At first, I bought it in attempt to have a stepping stone and do a sr swap later on. But I have tested it's accuracy in the 15-50 MPH range. As soon as I drive 100 mph and it feels like 40mph ill let you know.


----------



## Ninety-Nine SE-L (May 5, 2002)

damn, I'm always late on these things. Listen up.

Since you already have a 200sx SE with a 1.6L tachometer, you can use the SR20 tachometer cluster. It is direct plug and play, same pin locations and everything. Each cluster has its own electronics, so the needles won't be off, they read the same voltages from the ECU.

The cluster swap on my page is only for people who don't have tachometers to begin with.

THESE 2 CLUSTERS CAN BE SWAPPED WITH ONE-ANOTHER WITH NO MODIFCATION:


----------



## himbo (Sep 20, 2003)

Ninety-Nine SE-L said:


> damn, I'm always late on these things.
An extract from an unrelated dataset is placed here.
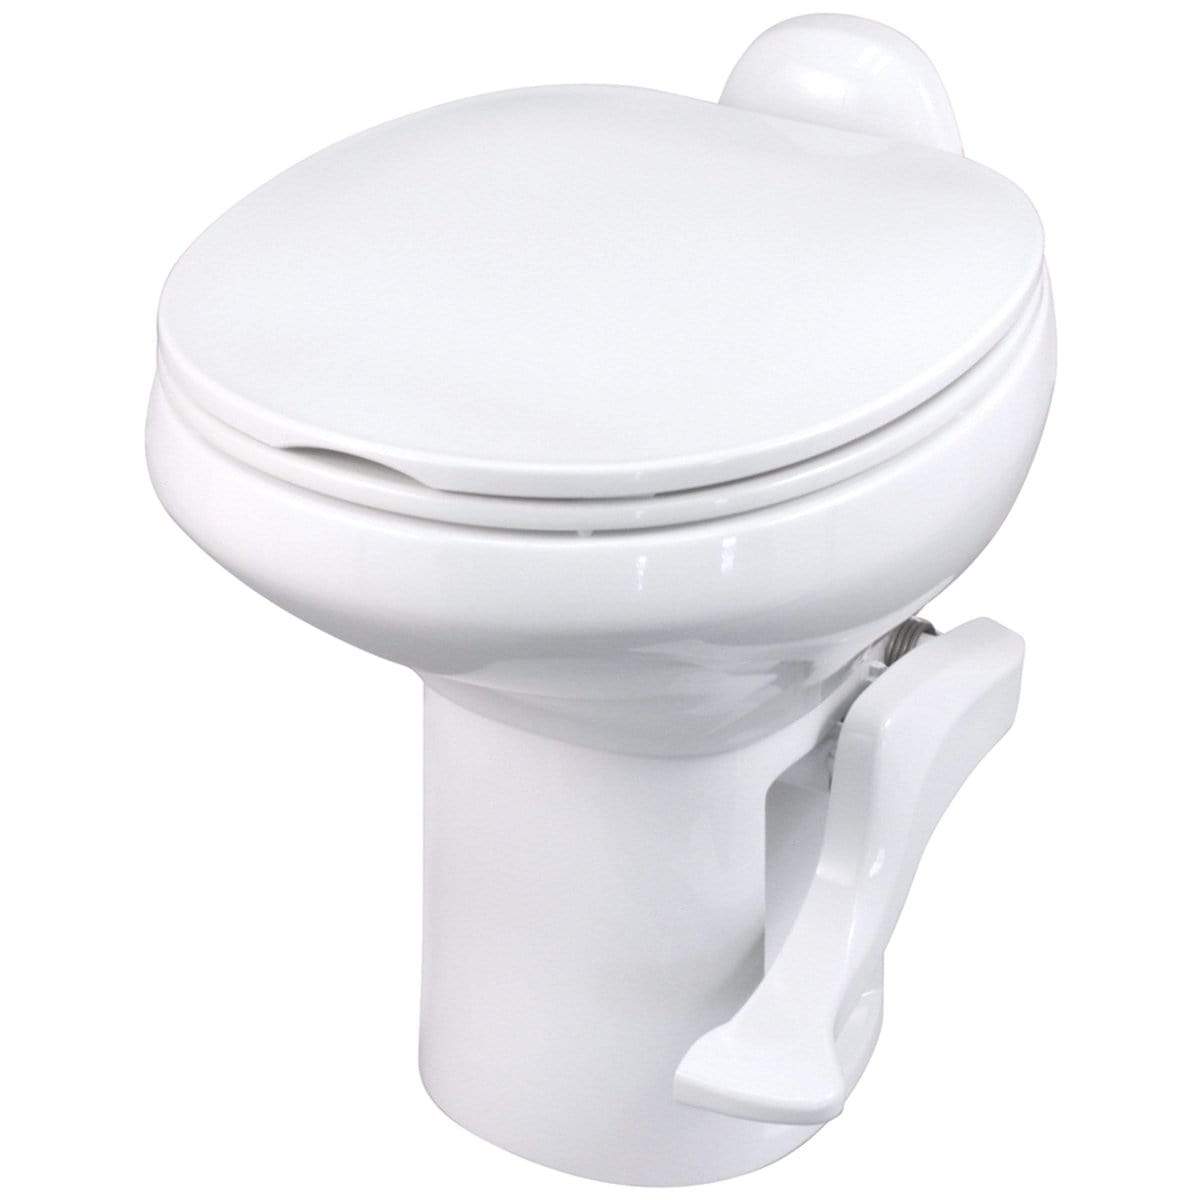 Thetford Not Qualified for Free Shipping Thetford Aqua-Magic Style II Toilet White #42060

Listen up.
> 
> Since you already have a 200sx SE with a 1.6L tachometer, you can use the SR20 tachometer cluster. It is direct plug and play, same pin locations and everything. Each cluster has its own electronics, so the needles won't be off, they read the same voltages from the ECU.
> 
> ...


what about the speedo? what do i do about that?


----------



## Ninety-Nine SE-L (May 5, 2002)

what about the speedometer? as long as you swap out the entire cluster, the speedometer will be fine. They both read the same voltages, so even though the SE-R speedometer looks different, 60MPH is 60MPH, it prolly has a stiffer spring or a different motor or something that will ensure it's correct. 

The only reason your speedometer would be off is if you swapped out ONLY the faces.


----------



## himbo (Sep 20, 2003)

but that would also mean that i would have to keep the odometer from the other car right? that would really suck, is there anyway around that?


----------



## Ninety-Nine SE-L (May 5, 2002)

ahhh, yes. You cannot swap the odometer between the 2. IMO, the best option is to find one with similar miles. or get one with higher mileage, and install it when they're both the same.


----------



## himbo (Sep 20, 2003)

dammitt.... no other way around huh?


----------



## Punkrocka436 (Jul 8, 2003)

heh sorry, i didnt have a tach to begin with so i was using your article


----------